SOURCE DATA ->
+ + + + +

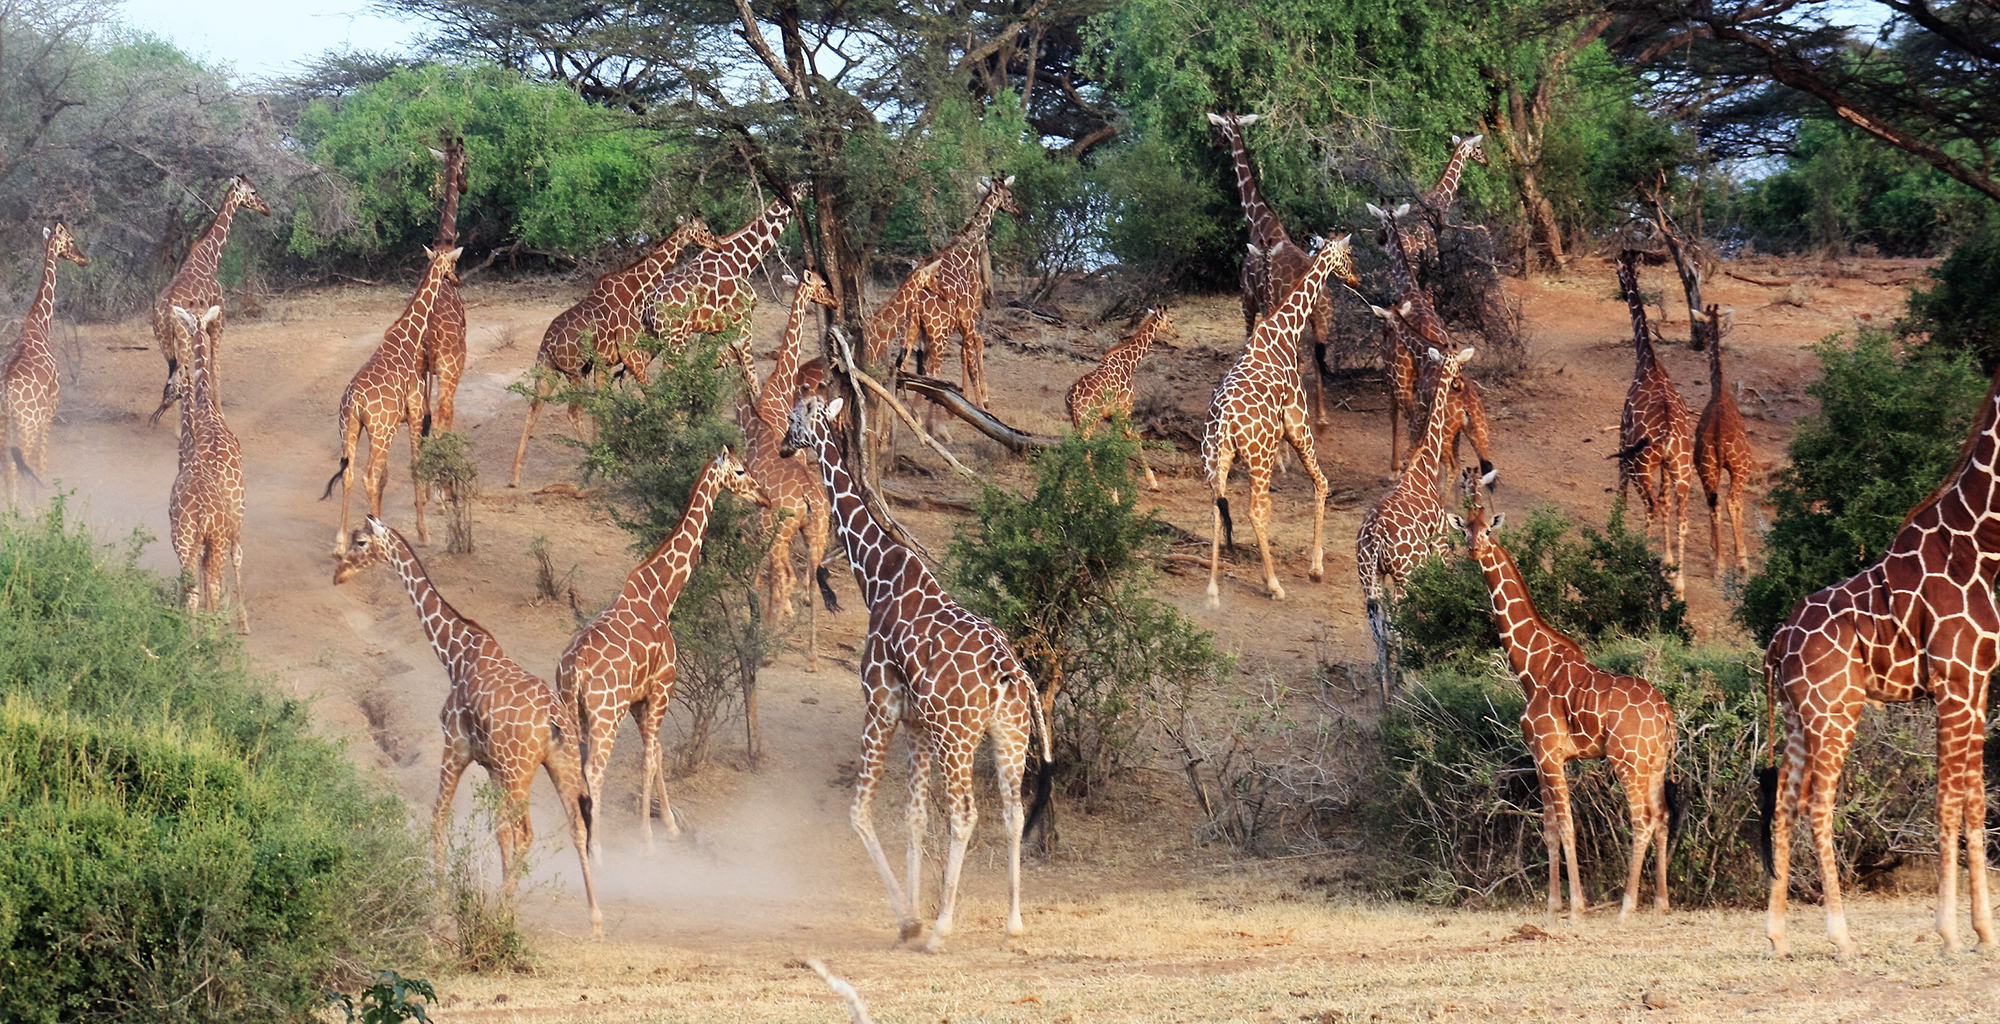 Kenya-Il-Ngwesi-Giraffe
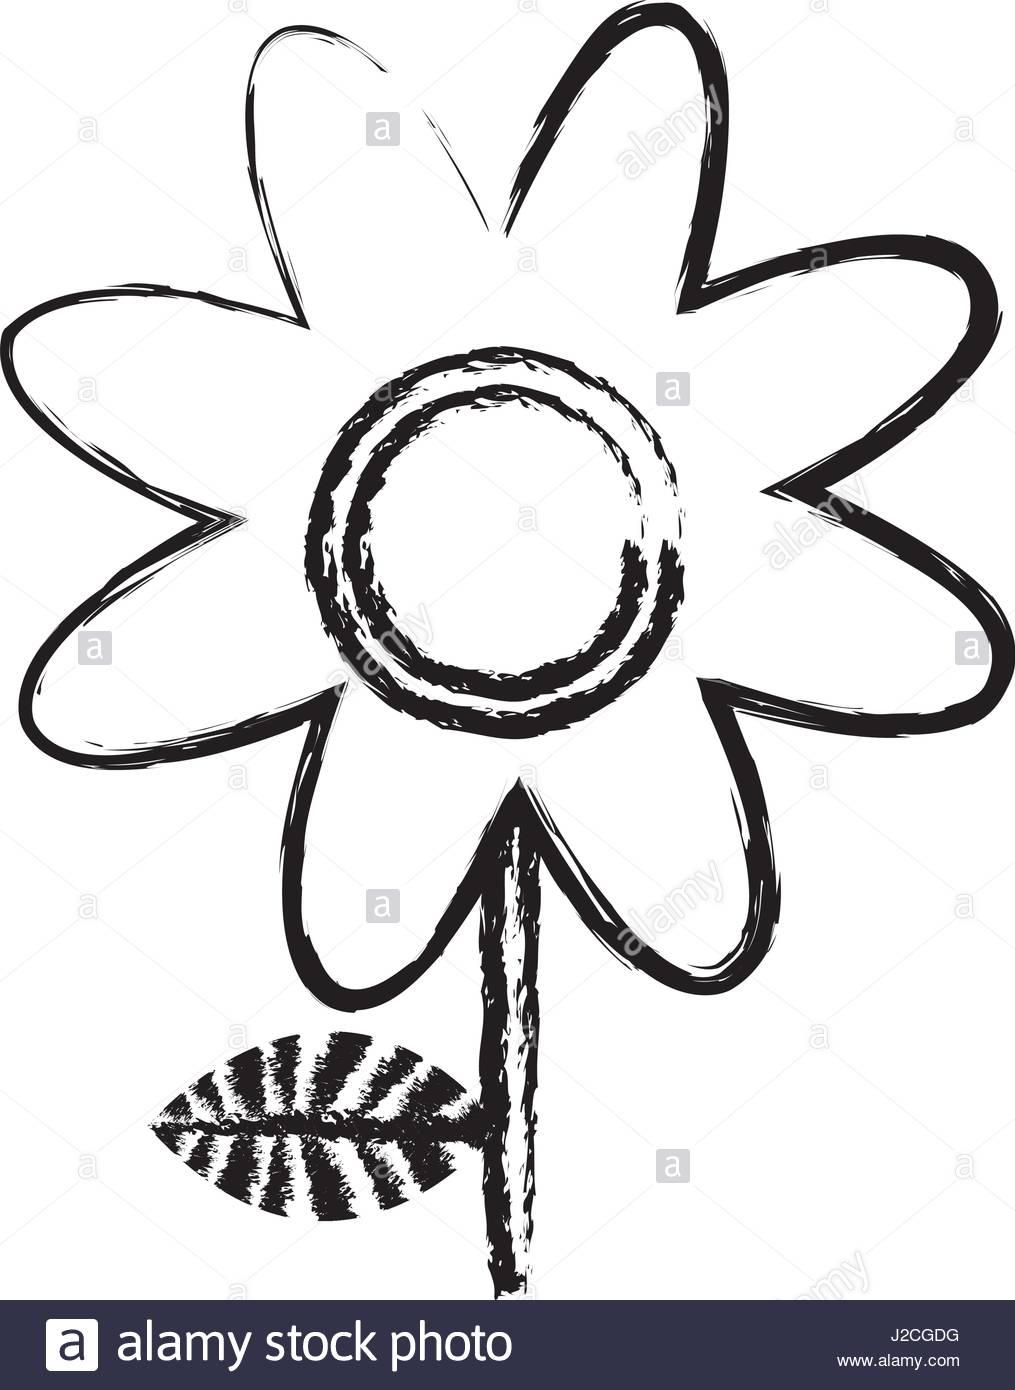 1015x1390 Monochrome Blurred Silhouette Of Daisy Flower Stock Vector Art
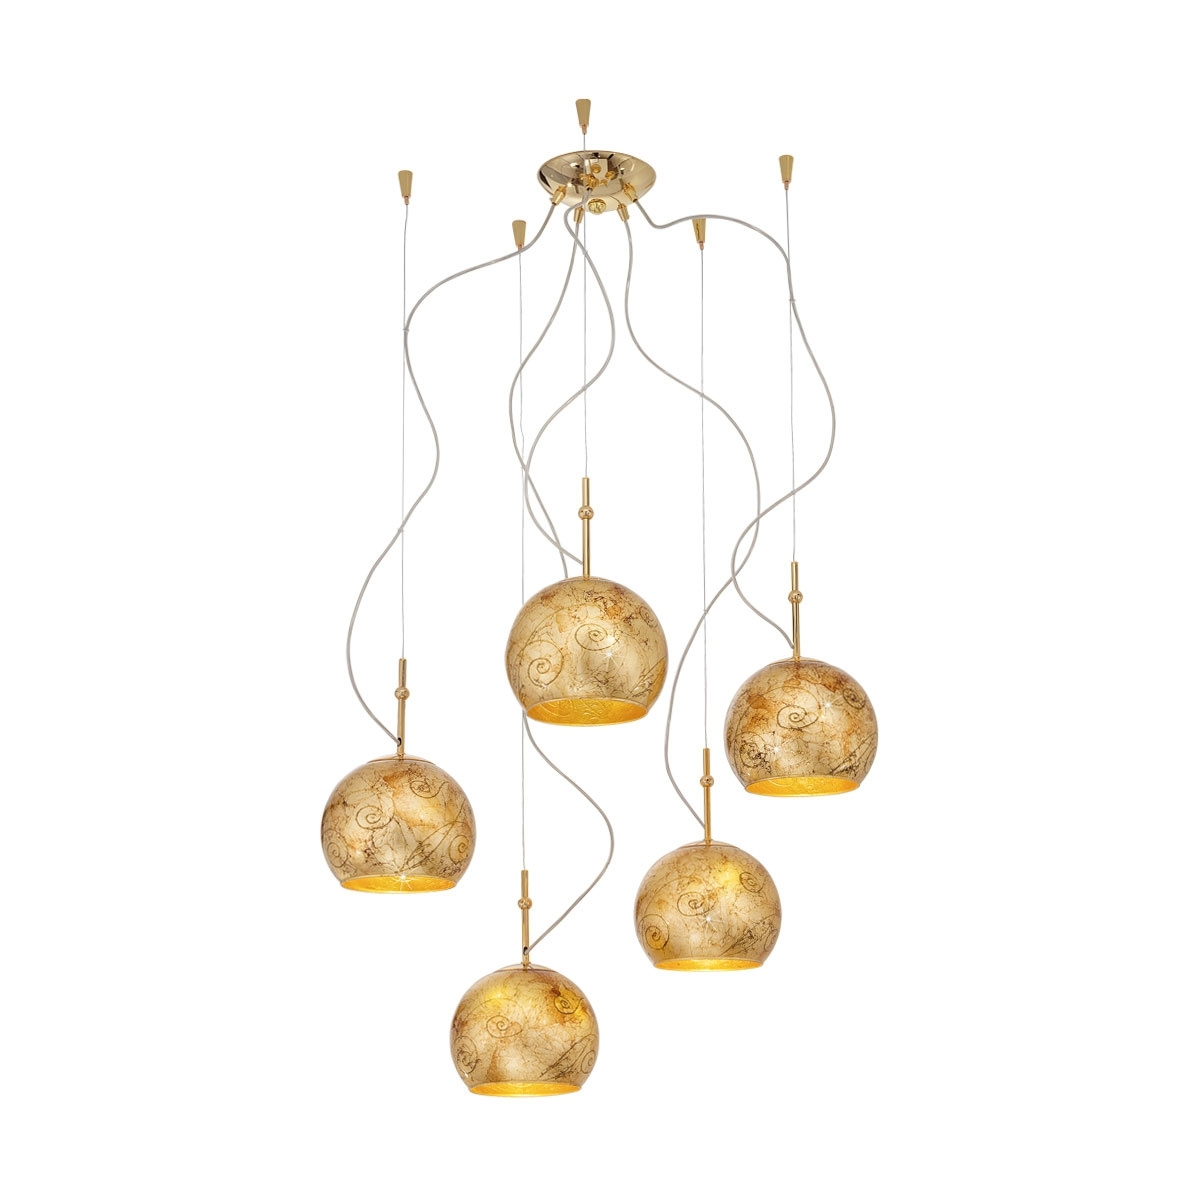 kolarz-pendelleuchte-luna-pl-gold-glas-metall-0392-35-3-me-au
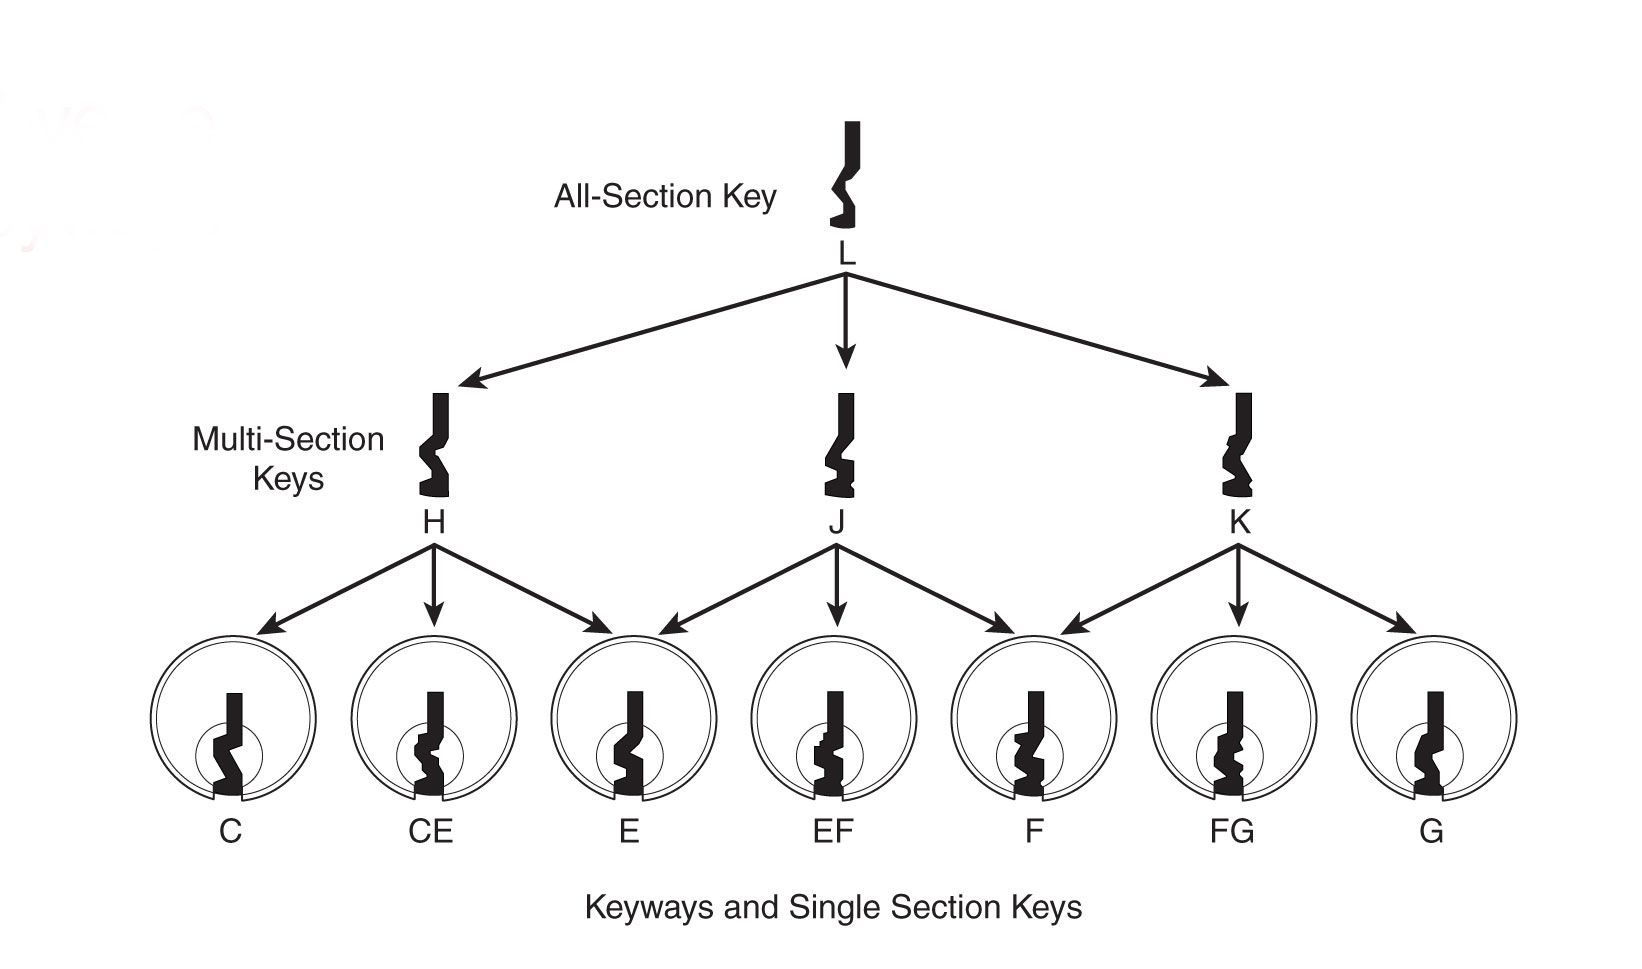 schlage classic keyways and single section keys diagram mr locksmith  [ 1642 x 969 Pixel ]

+ + + + +

REQUIRED WORK -> Restate the whole listing above exactly, except for its images.

YOUR SOLUTION ->
 Kenya-Il-Ngwesi-Giraffe
 1015x1390 Monochrome Blurred Silhouette Of Daisy Flower Stock Vector Art
 kolarz-pendelleuchte-luna-pl-gold-glas-metall-0392-35-3-me-au
 schlage classic keyways and single section keys diagram mr locksmith  [ 1642 x 969 Pixel ]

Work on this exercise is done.